Re: [PATCH] Retry commands with UNIT_ATTENTION sense codes

James Bottomley <James.Bottomley@xxxxxxx> · Wed, 05 May 2010 09:19:53 -0400

On Wed, 2010-05-05 at 08:26 +0200, Hannes Reinecke wrote:
> James Bottomley wrote:
> > On Tue, 2010-05-04 at 15:27 -0500, Mike Christie wrote:
> >> On 05/04/2010 03:15 PM, Mike Christie wrote:
> >>> On 05/04/2010 11:26 AM, James Bottomley wrote:
> >>>> The other patch is fine, but I don't think this is necessary. The
> >>>> reason is that even returning SUCCESS here, we go straight into
> >>>> scsi_finish_command() (which passes it up to the driver handler) and
> >>>> then scsi_io_completion(). There's a catch for UNIT_ATTENTION in
> >>>> scsi_io_completion
> >>> The request is sent as a REQ_TYPE_BLOCK_PC (this flag is set for the
> >>> request in sd_prepare_flush), and scsi_io_completion's blk_pc_request
> >>> check() that returns the request upwards is before the UNIT_ATTENTION
> >> I was looking at the wrong source.
> >>
> >> scsi_finish_command checks for REQ_TYPE_BLOCK_PC and sets good_bytes to 
> >> scsi_bufflen, so when scsi_io_completion calls scsi_end_request, it 
> >> fails the request before we can get to the UNIT_ATTENTION.
> > 
> > Ah, yes, missed that.
> > 
> > However there are other problems then.  We can't just eat all unit
> > attentions on the BLOCK_PC path because some of the user programs want
> > to see them (CD burners for one).  I know the patch allows some to
> > proceed upwards, but it's risky making all except device not started do
> > a retry.
> > 
> > I'm a bit stumped on this one ... the intention of BLOCK_PC is that the
> > caller simply retries if they get a unit attention (which is what all
> > SCSI code does).  The block code doesn't want to look at the sense data
> > but at the error return.  I suppose we could make UNIT_ATTENTION
> > translate to -EAGAIN and have block do the right thing?
> > 
> The intention of BLOCK_PC is ok, but the point here is the barrier
> request isn't really a BLOCK_PC request.

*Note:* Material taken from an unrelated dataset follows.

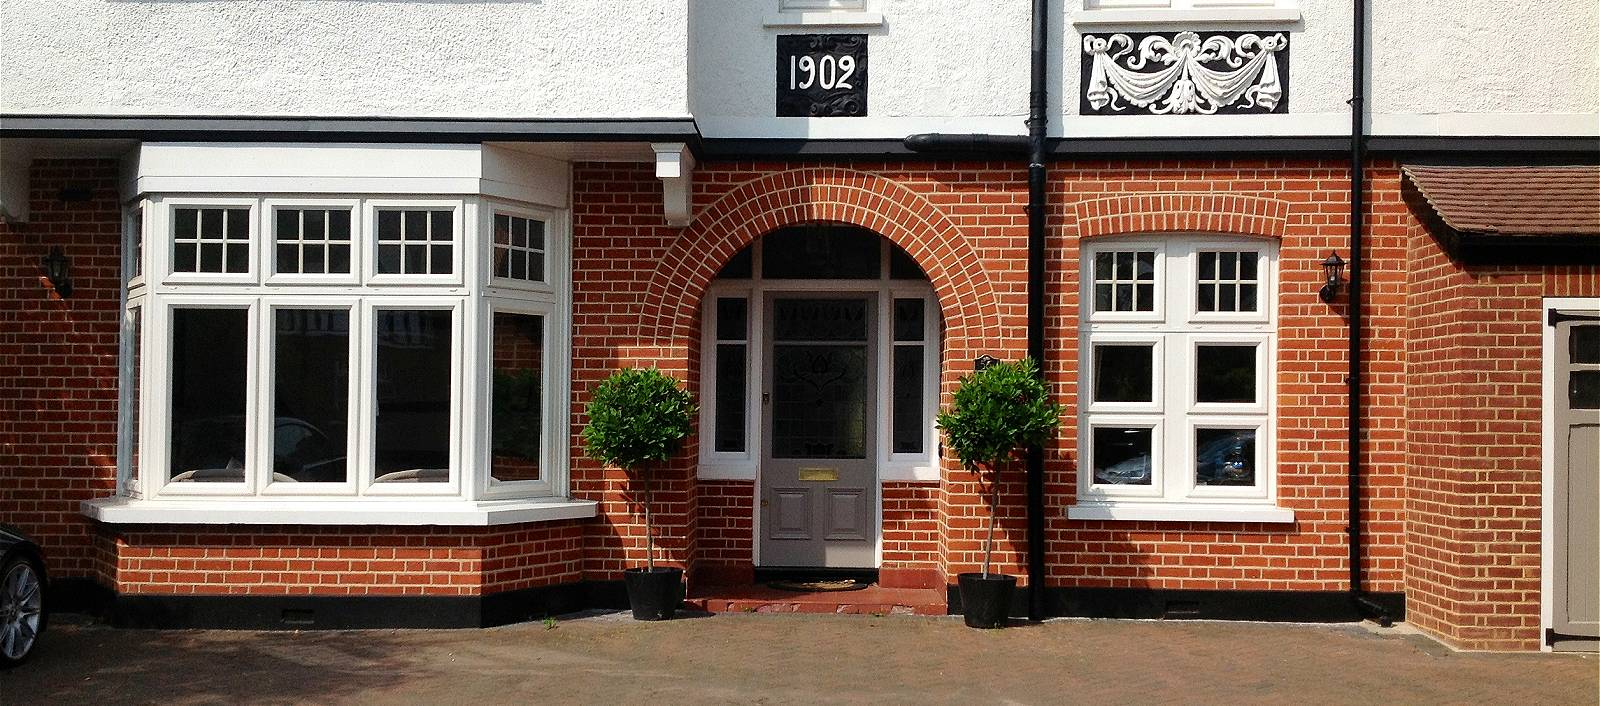 Brick Home Restoration : London repointing and restoration ltd brick cleaning
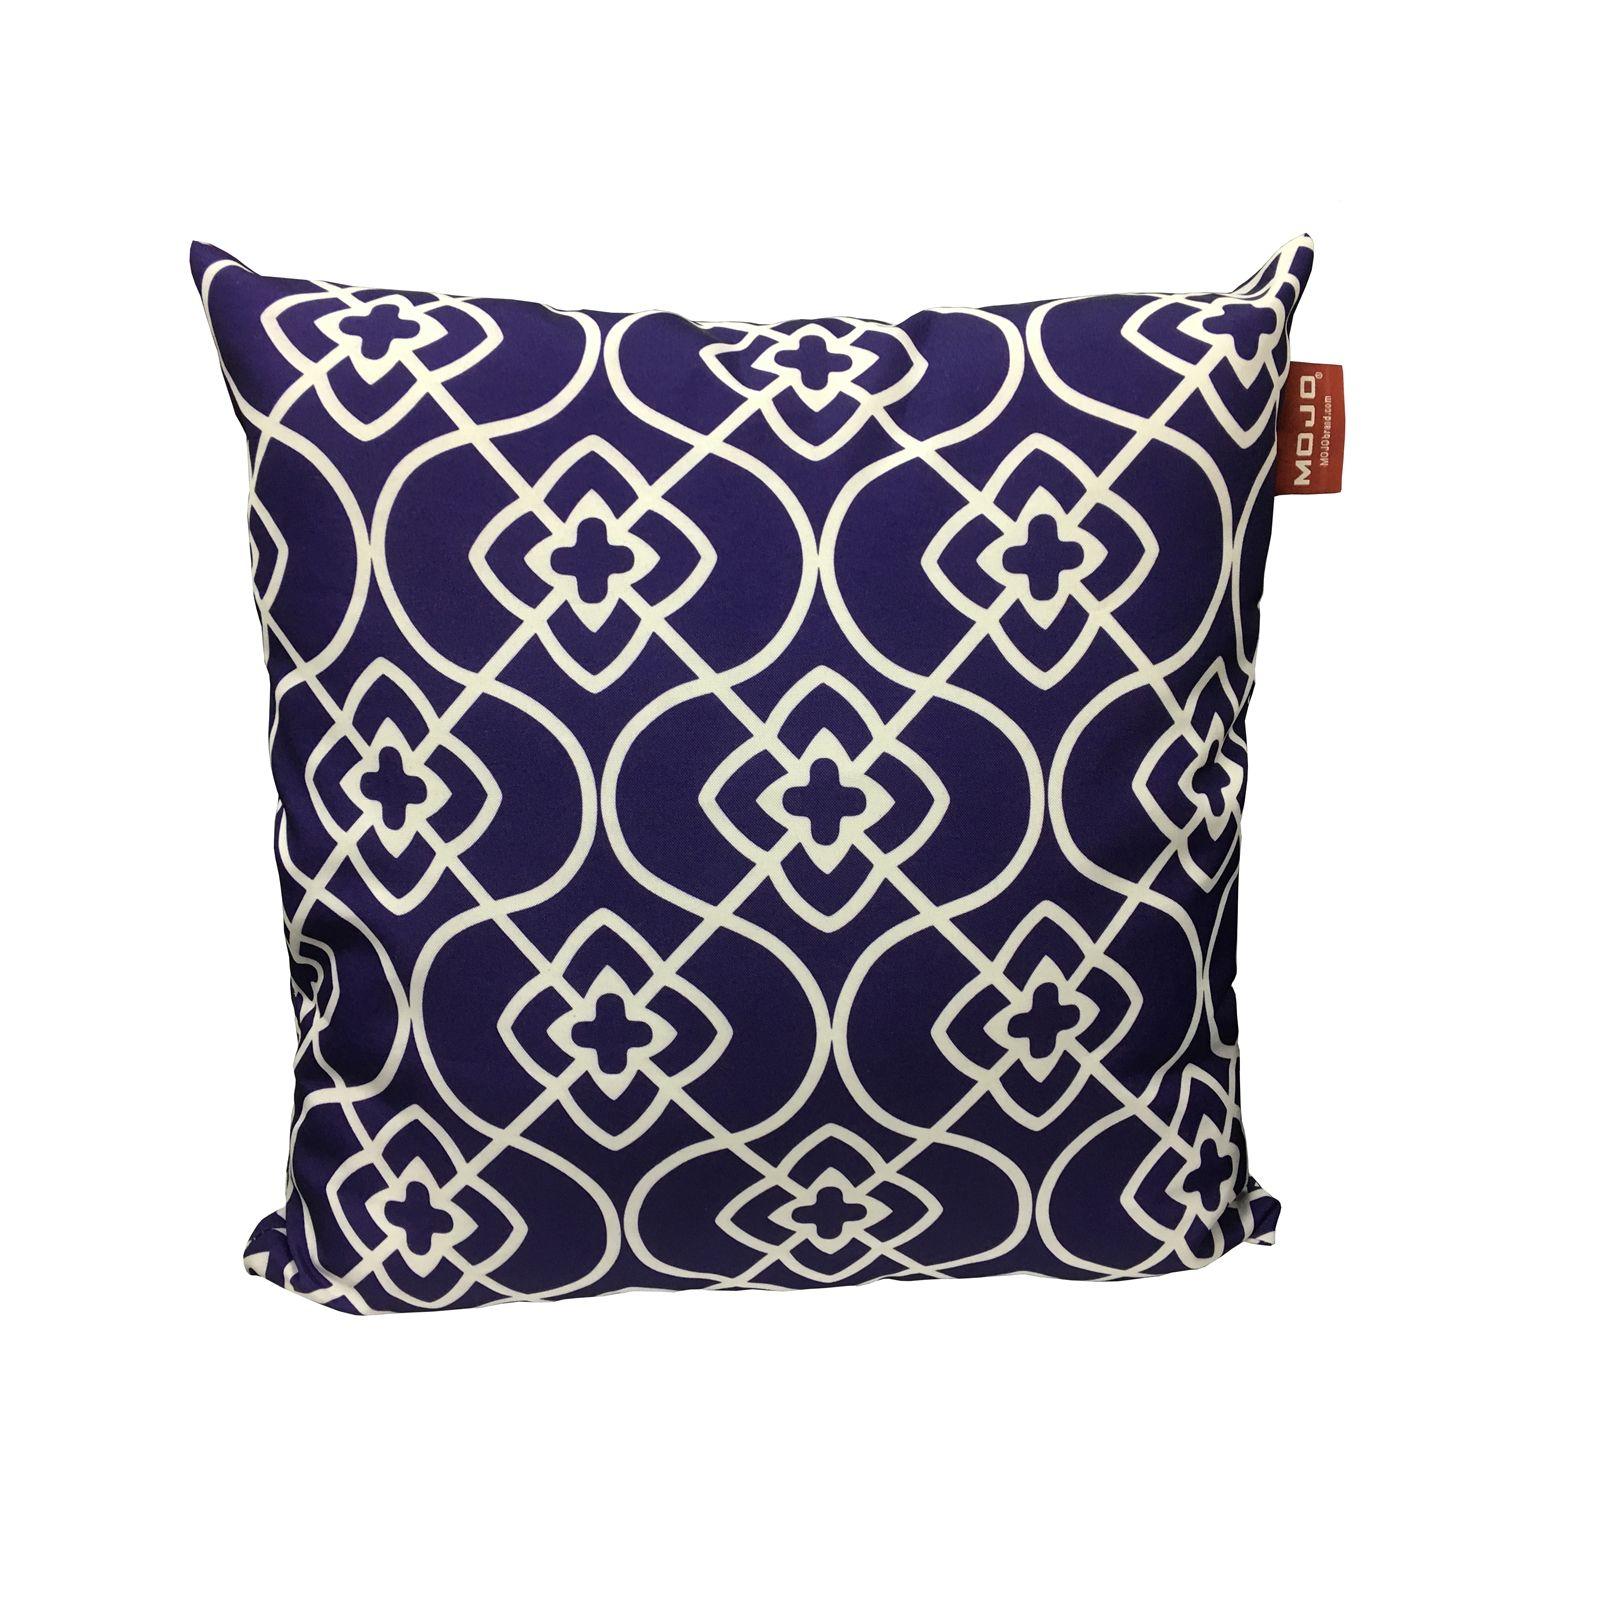 Mojo 45cm Provincial Outdoor Cushion Cover Outdoor

The caller precisely
> does _not_ want to look the sense code but rather have the SCSI
> layer do all the necessary things.
> 
> Why can't we just mark the barrier request as something else than
> BLOCK_PC, eg REQ_TYPE_SPECIAL?
> Then we'd avoid these pitfalls and everything should work as expected, right?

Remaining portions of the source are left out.